Greenhouse gases

At opposite corners of Alberta two towers stand above grassy fields, quiet sentinels keeping watch on how the Earth breathes.

At opposite corners of Alberta, two towers stand above grassy fields, quiet sentinels keeping watch on how the Earth breathes.

The towers and their associated science instrumentation, located near Athabasca in northern Alberta and Lethbridge in the province's southern half, are part of a five-year project that has a team of scientists, including Dr. Robert Grant of the University of Alberta, working to find out just how much carbon dioxide (CO2) is building up in the atmosphere.

Working with scientists from the University of Lethbridge and other universities across Canada, Grant is part of Fluxnet-Canada, a research network that will contribute valuable scientific information to Canada's policy development on managing harmful greenhouse gas emissions and international agreements such as the Kyoto Accord.

"We are basically monitoring the breathing of Canada's forests and grasslands, using Fluxnet to measure the CO2 that goes in and comes out of ecosystems across the country," said Grant, who conducts mathematical modeling to evaluate and analyze the data collected by the Fluxnet towers. "We are testing our understanding of the process that controls the uptake and emission of CO2."

The instruments on the two towers run continuously.
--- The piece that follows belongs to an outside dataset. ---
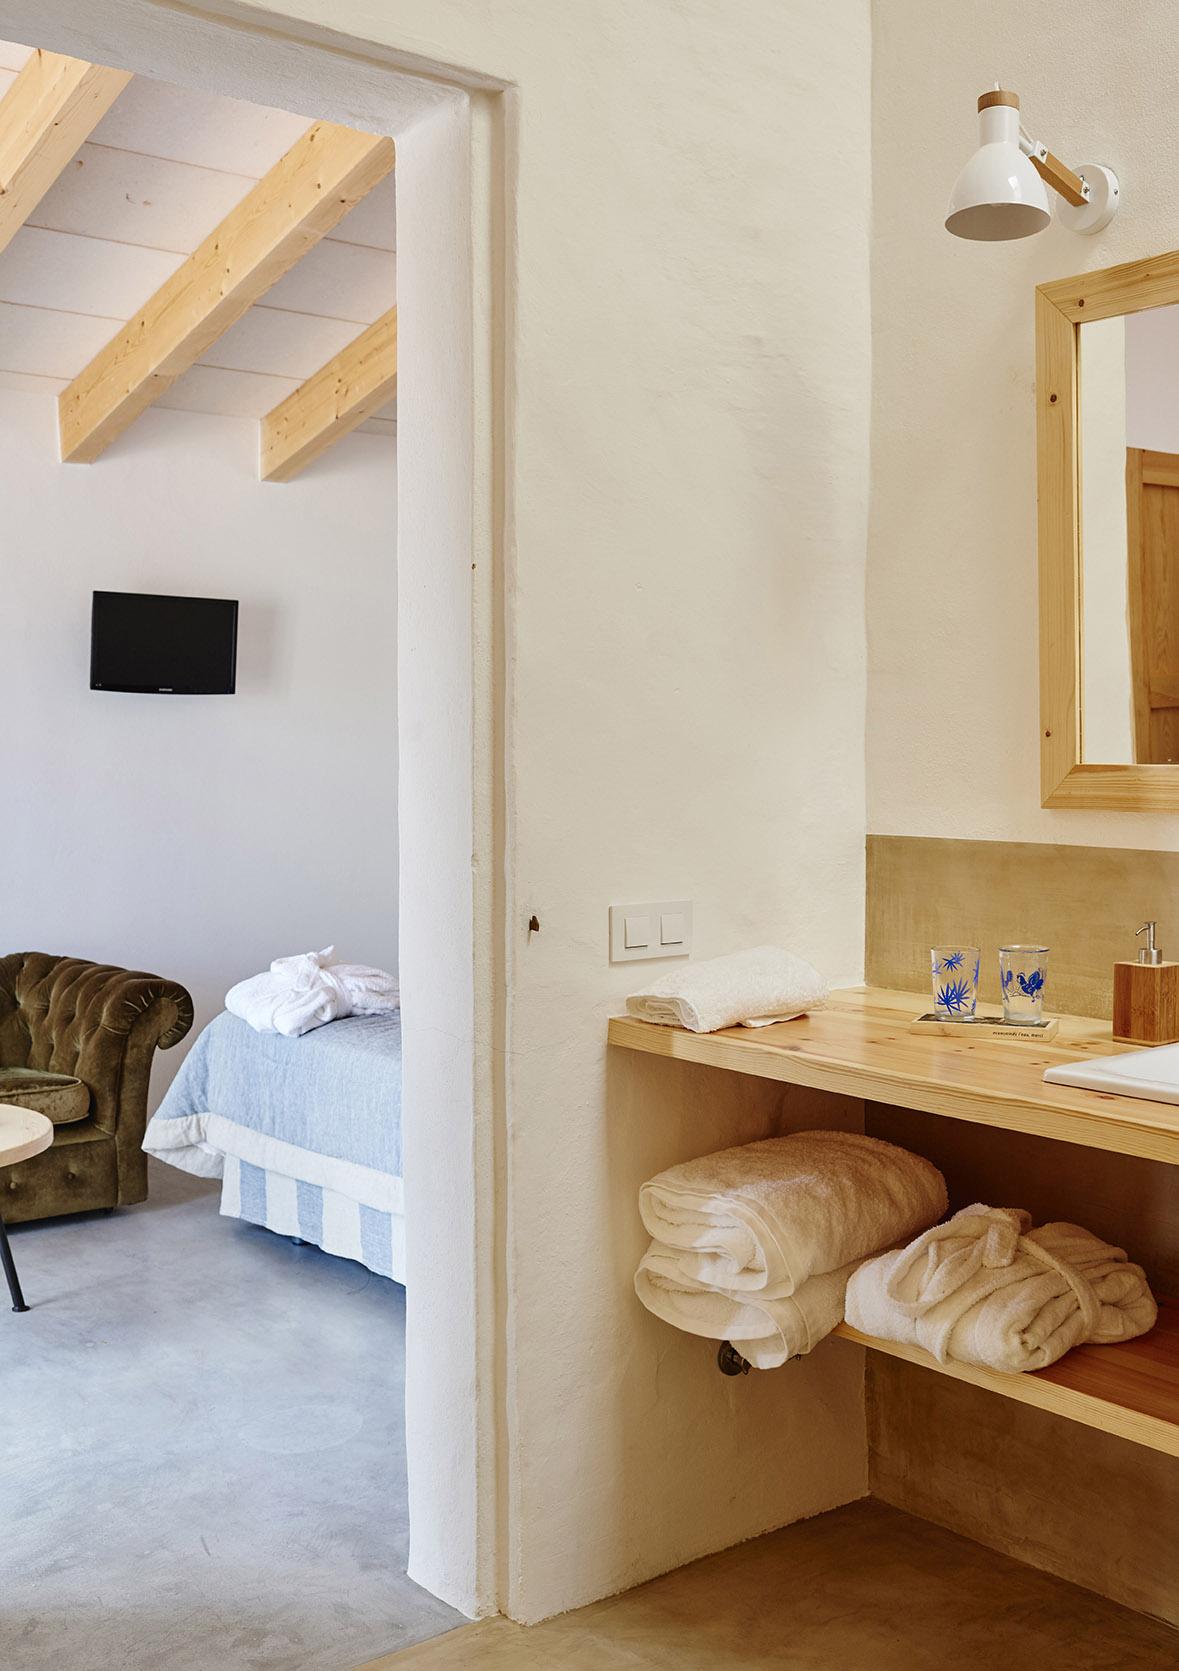 Agroturismo-Menorca-Turmaden-Habitaciones

The Alberta towers have cousins scattered across the country in British Columbia, Saskatchewan, Ontario, Manitoba, Quebec and New Brunswick. There are also two auxiliary towers which run during the summer, located north of Edmonton. Equipment on the towers measures wind speed, direction, and concentration of water vapour and carbon dioxide. Solar radiation, air and soil temperature, and a variety of other environmental variables are also measured. The data is used to calculate the flux, or exchange, of CO2 in the air.

Over the last 150 years, human activity has altered the Earth's global carbon cycle - the natural uptake of carbon dioxide by trees and its subsequent conversion, or cleaning, through photosynthesis. Globally, the uptake is 120 billion tonnes per year by land surfaces (tundra, grasslands, forests, oceans and deserts), and another 100 billion tonnes by the oceans.

 "Together, our terrestrial ecosystems and our marine ecosystems are fixing many times as much CO2 as we are putting into the atmosphere."

But even so, Grant added, the fossil fuel emissions being pumped into the atmosphere appear to be more than the Earth's natural ecosystems can clean. Annually, about four billion tonnes of carbon dioxide from human emissions are not being filtered by the forests or oceans.

Complicating matters is activity such as logging or burning, which affects the forests and puts more carbon dioxide into the air.

Fluxnet is charged with the task of discovering to what extent Canada's forests can be used to offset the fossil-fuel emissions. "We hope to arrive at an estimate of what the national carbon balance is of Canada's forests, and how it can contribute to offsetting fossil fuel emissions of CO2," Grant said.

The project, which wraps up its first five-year phase in a year and a half, will also be studying watersheds and measuring CO2 concentration above the Earth's surface.

Ultimately, the data gathered from Fluxnet's towers and scientists will have many practical uses, including projecting future wood growth and supply for forestry companies, predicting future climate impacts on forestry productivity and establishing a scientific basis for carbon credit trading schemes.